Origin of "I regret nothing!"

For years now, I’ve seen pop culture references (Simpsons, MST3K, etc.) where someone shouts out “I regret nothing!” as they (or someone on screen) is falling.

A friend and I, frustrated at not getting this reference, have been trying to track down what this means, and have had no luck in doing so.

At one point my friend thought that he’d found that it was the last words of one of the Nuremberg prisoners before he was hanged. That would explain why the quote is always associated with falling. However, when I tried to delve further I had no luck linking it to any hangings. It was part of Rudolph Hess’ statement to the tribunal, but since he was sentenced to life in prison rather than hanged, I don’t believe that’s it.

So, Straight Dopers, I turn to you. Can anyone out there illuminate us, and make us feel (however briefly) ‘with it’ again?

“Non, Je Ne Regrette Rien” [No, I regret nothing] is a song by the late Edith Piaf. Don’t know if that’s a help.

Something similar to that occurs in on of Anton Chekhov’s plays. It’s two guys debating a perfect meal, item by item. One of them, when asked to concede, says something like, "I concede Nothing!.

I thought the quote was from William Hung. :slight_smile:

gum got it in one. Google for “regret nothing piaf,” and you’ll find a bunch of info about Edith Piaf. According to this site:

“and now the end is near and so I face the final curtain … regrets, I’ve had a few, but then again too few to mention”

Piaf sang the 1960 song, but it was written by Michel Vaucaire.

I can find Babe Ruth in 1935, when asked about the Yankees letting him go, he said, “I have no regrets. In fact, I think I’m a lucky guy.”

So, the line must have been spoken by countless persons. Piaf perhaps popularized it.

These were the last words of President Zachary Taylor, according to this site

'I am about to die. I expect the summons very soon.
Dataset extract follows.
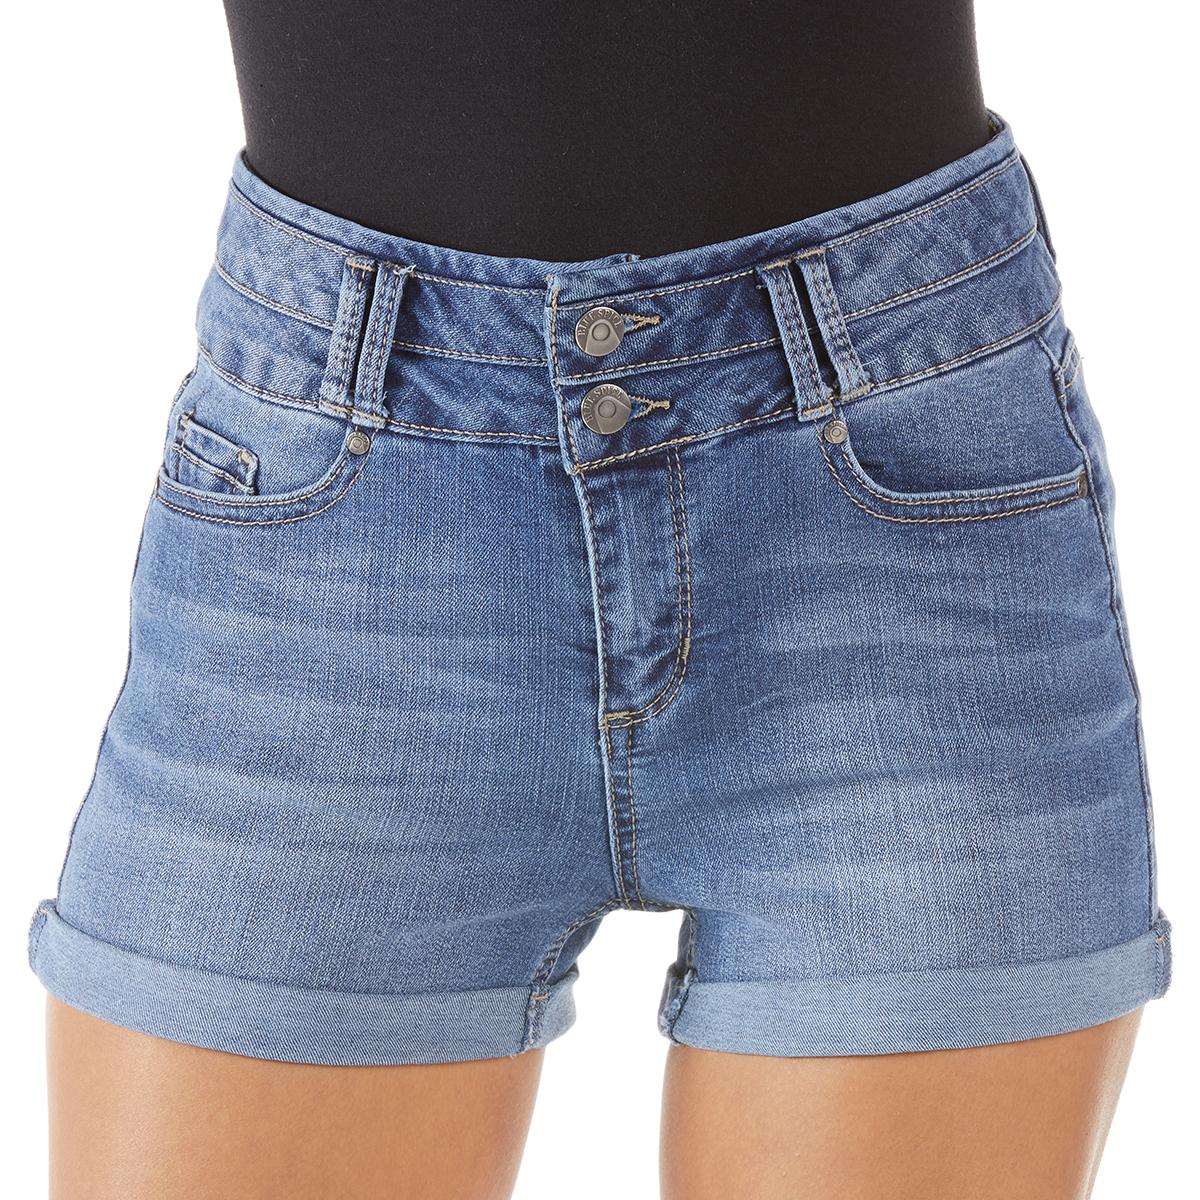 Blue Spice Juniors' Denim High Rise Shorts
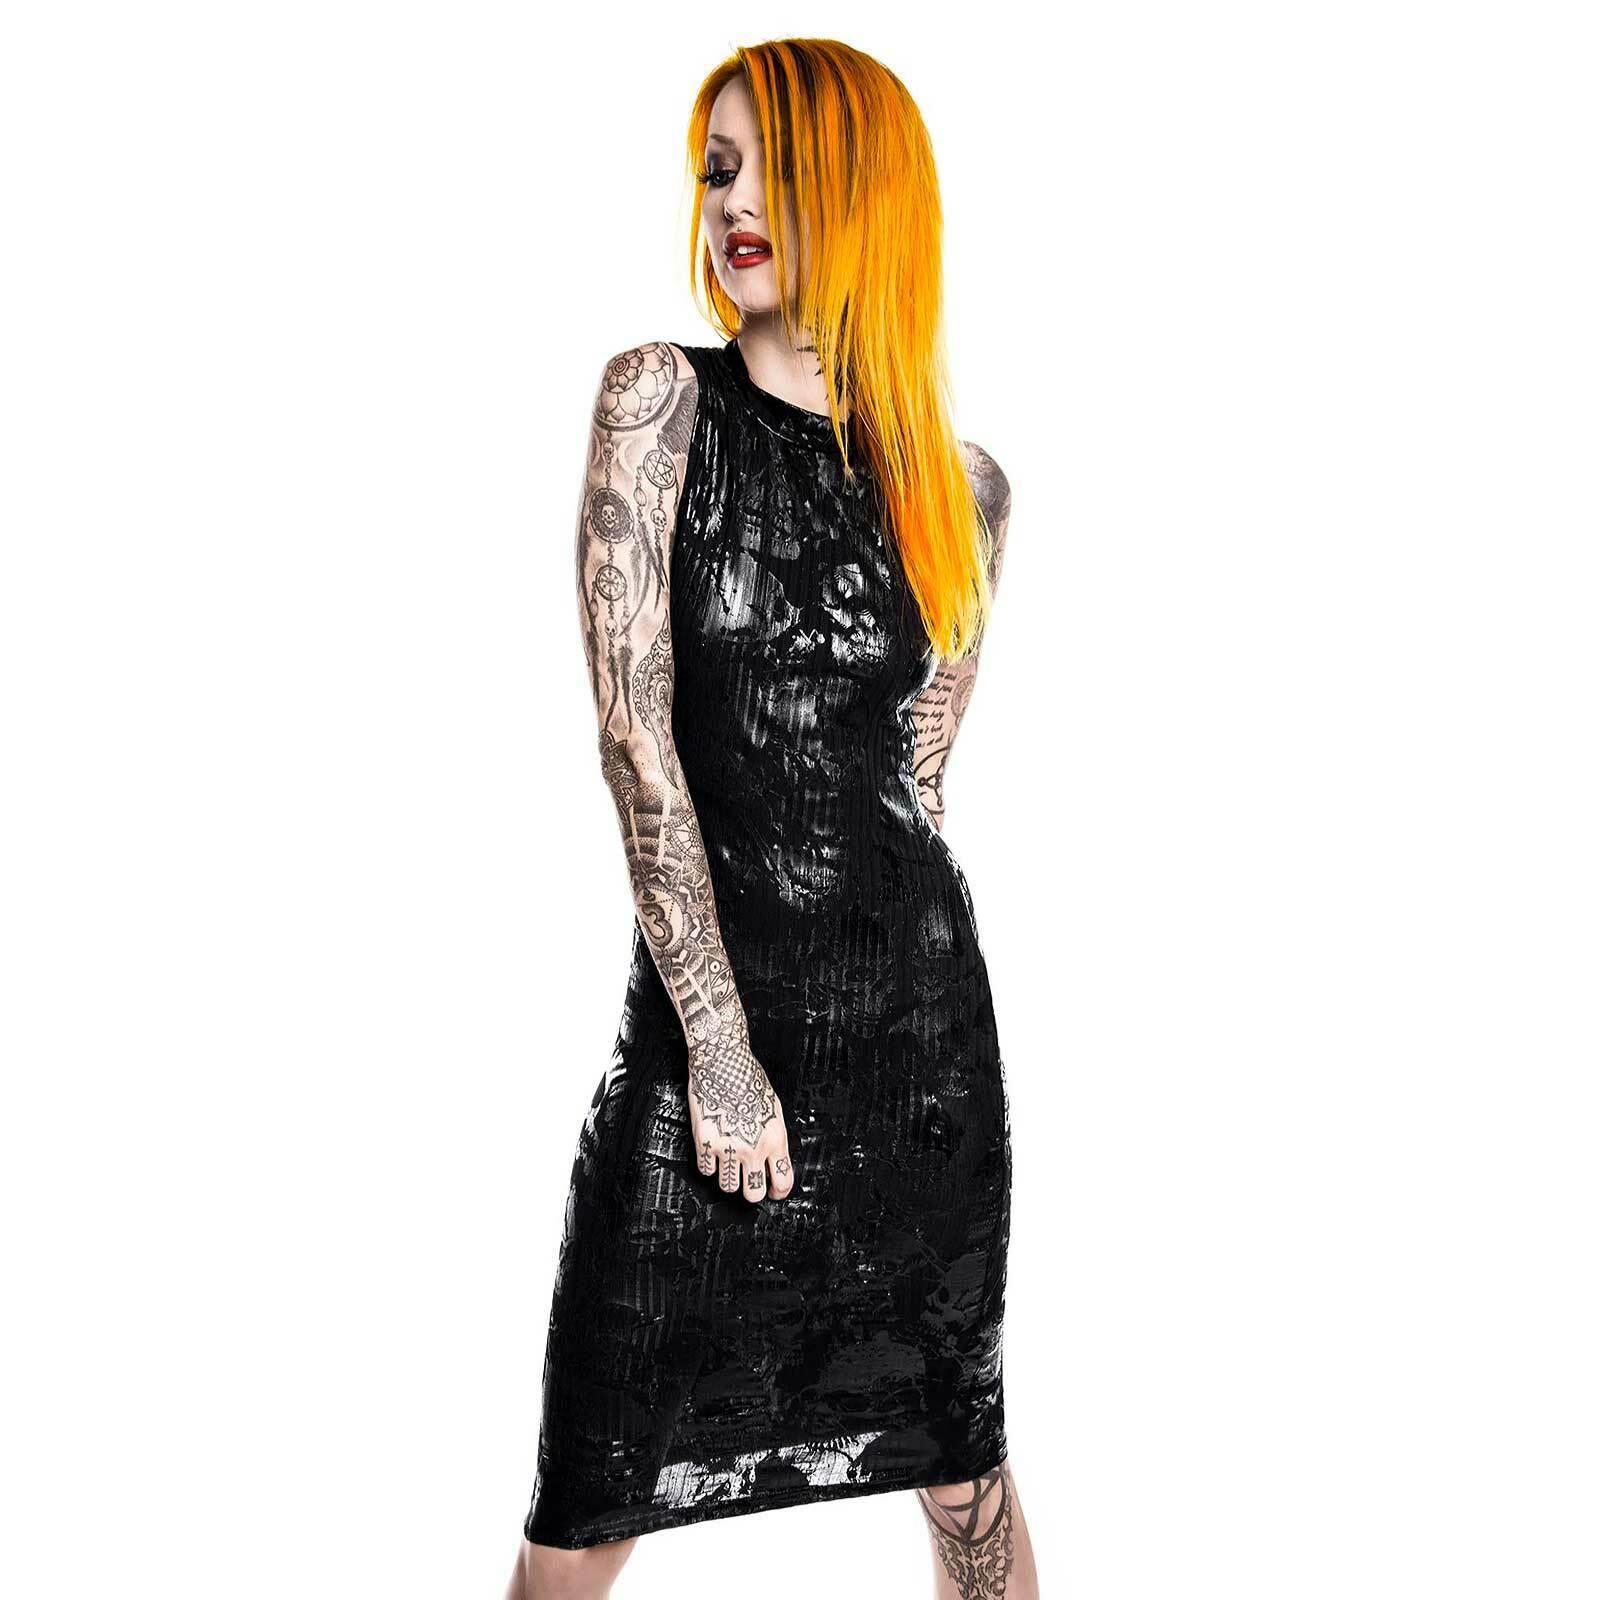 KILLSTAR Chaos Enfant Terrible Dress Bodycon Stretch Kleid Ärmellos Lack Print

I have tried to discharge my duties faithfully. I regret nothing, but I am sorry I am about to leave my friends."

As samclem says, the formulation must have been very common.

Right…but none of these (as far as I can tell) explain why it’s funny in relation to falling, dropping, plummeting, or otherwise discovering that the law of gravity is still in effect.

Damn! I hate when I don’t read carefully the OP.

Why when falling? Don’t know yet. I’ll look further.

But, sometimes, lines are just lines. They don’t have any deeper meaning.

Plummeting to their deaths, I presume. Which turns it into a dying declaration. A la Edith Piaf.

That’s my reading too. It’s the imminence of death which elicits the phrase.

But the OP’s implication is that it’s only death by falling that elicits the phrase.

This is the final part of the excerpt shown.